The Company’s independent registered public accounting firm, Grant Thornton, LLP, has issued an attestation report regarding its
assessment of the Company’s internal control over financial reporting as of December 31, 2019, presented preceding the Company’s
financial statements included in Part II, Item 8 of this 2019 Annual Report on Form 10-K. Additionally, the financial statements for the
years ended December 31, 2018 and 2017, covered in this 2019 Annual Report on Form 10-K, have also been audited by the Company’s
independent registered public accounting firm, whose report is presented preceding the their report on the Company’s internal control
over financial reporting, included in Part II, Item 8.
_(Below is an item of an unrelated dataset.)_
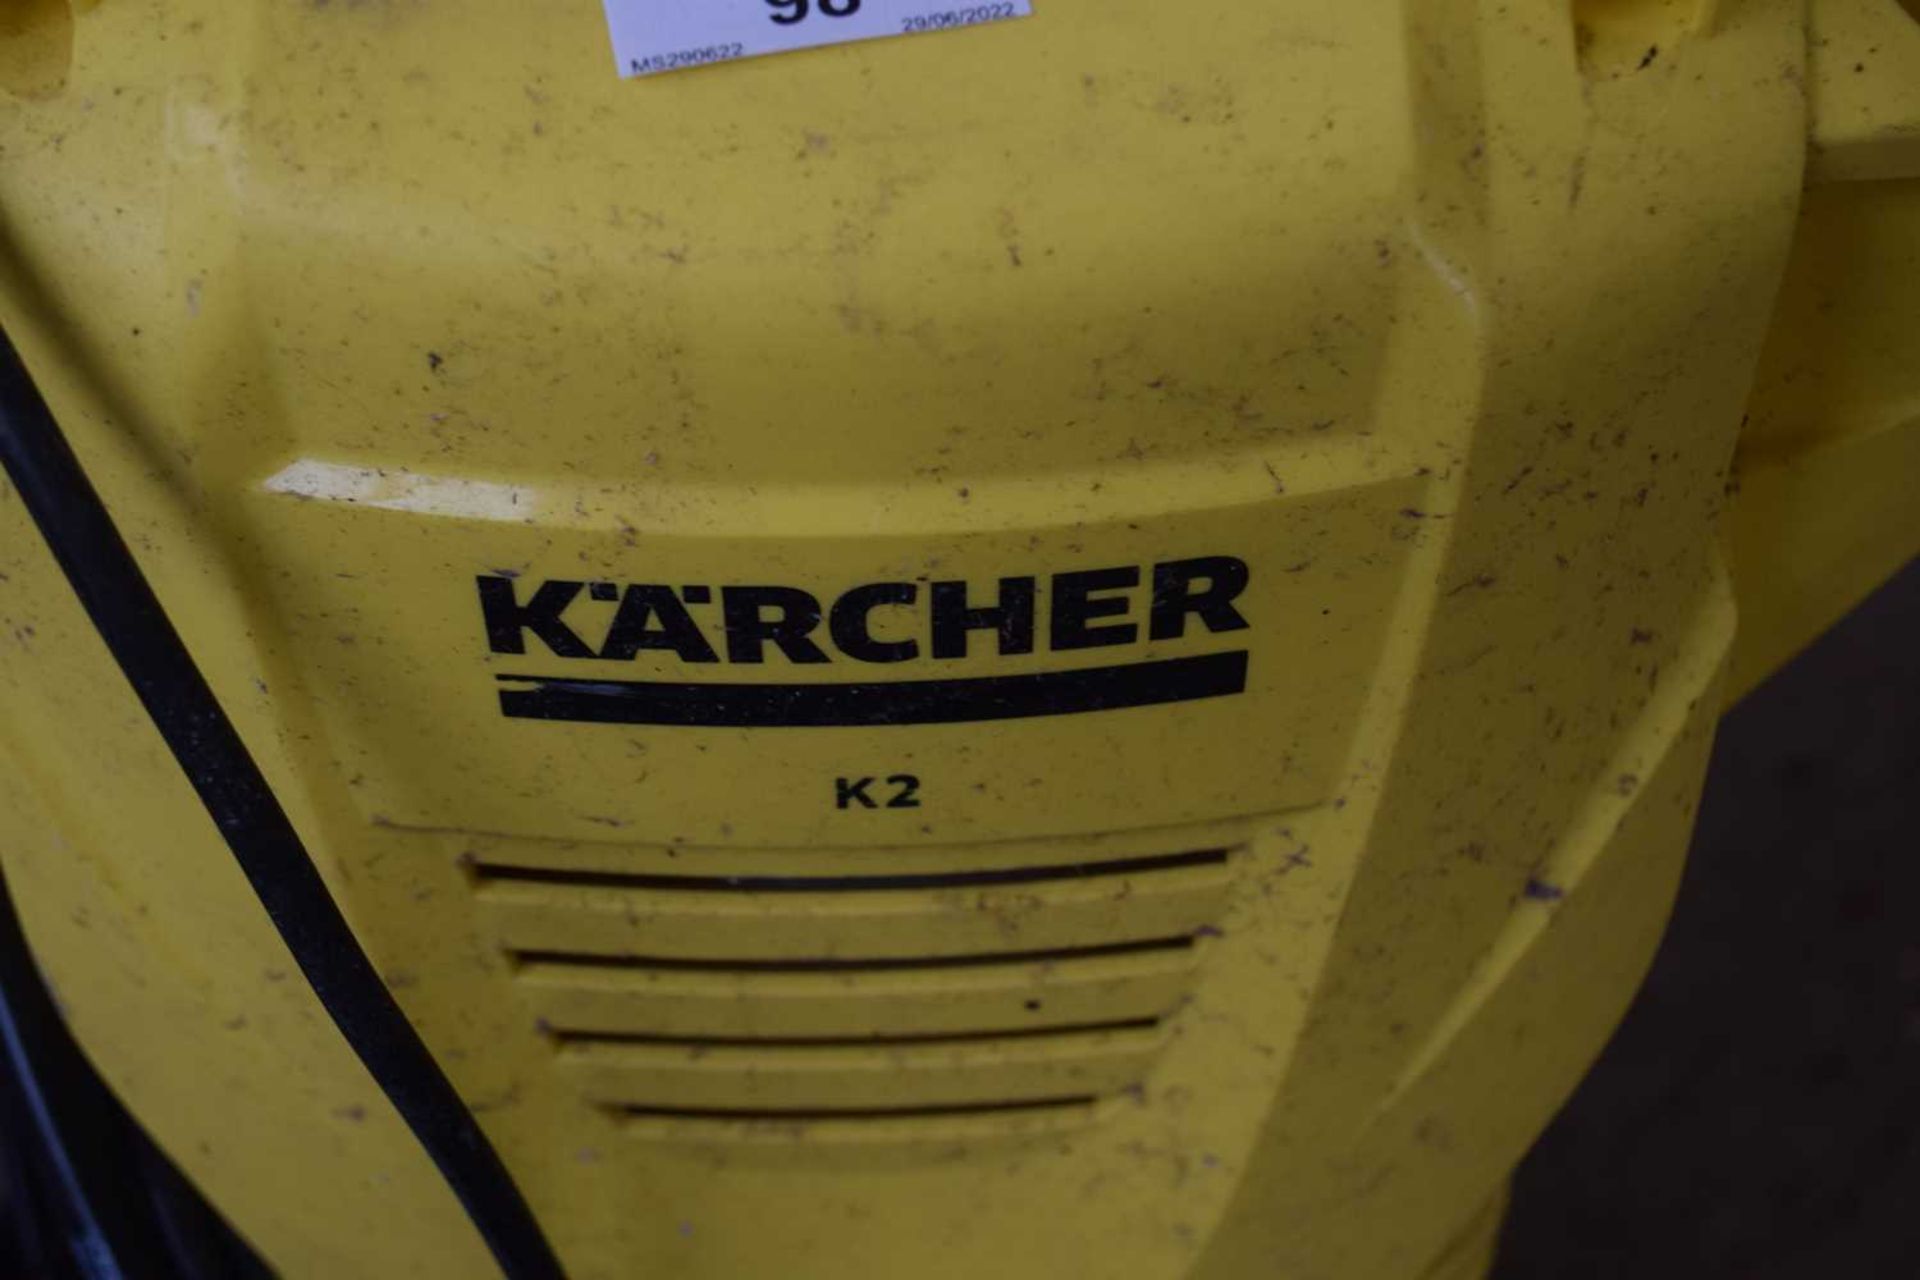 Karcher K2 pressure washer - Image 2 of 2

Changes in internal control over financial reporting. As noted under “Management’s report on internal control over financial reporting”,
management’s evaluation of, and conclusion on, the effectiveness of internal control over financial reporting did not include the internal
controls of the entities acquired in the merger with Carrizo on December 20, 2019. Under guidelines established by the SEC, companies
are permitted to exclude acquisitions from their assessment of internal control over financial reporting during the first year of an acquisition
while integrating the acquired company. The Company is in the process of integrating Carrizo’s and our internal controls over financial
reporting. As a result of these integration activities, certain controls will be evaluated and may be changed. Except as noted above, there
were no changes to our internal control over financial reporting during our last fiscal quarter that have materially affected, or are reasonable
likely to materially affect, our internal control over financial reporting.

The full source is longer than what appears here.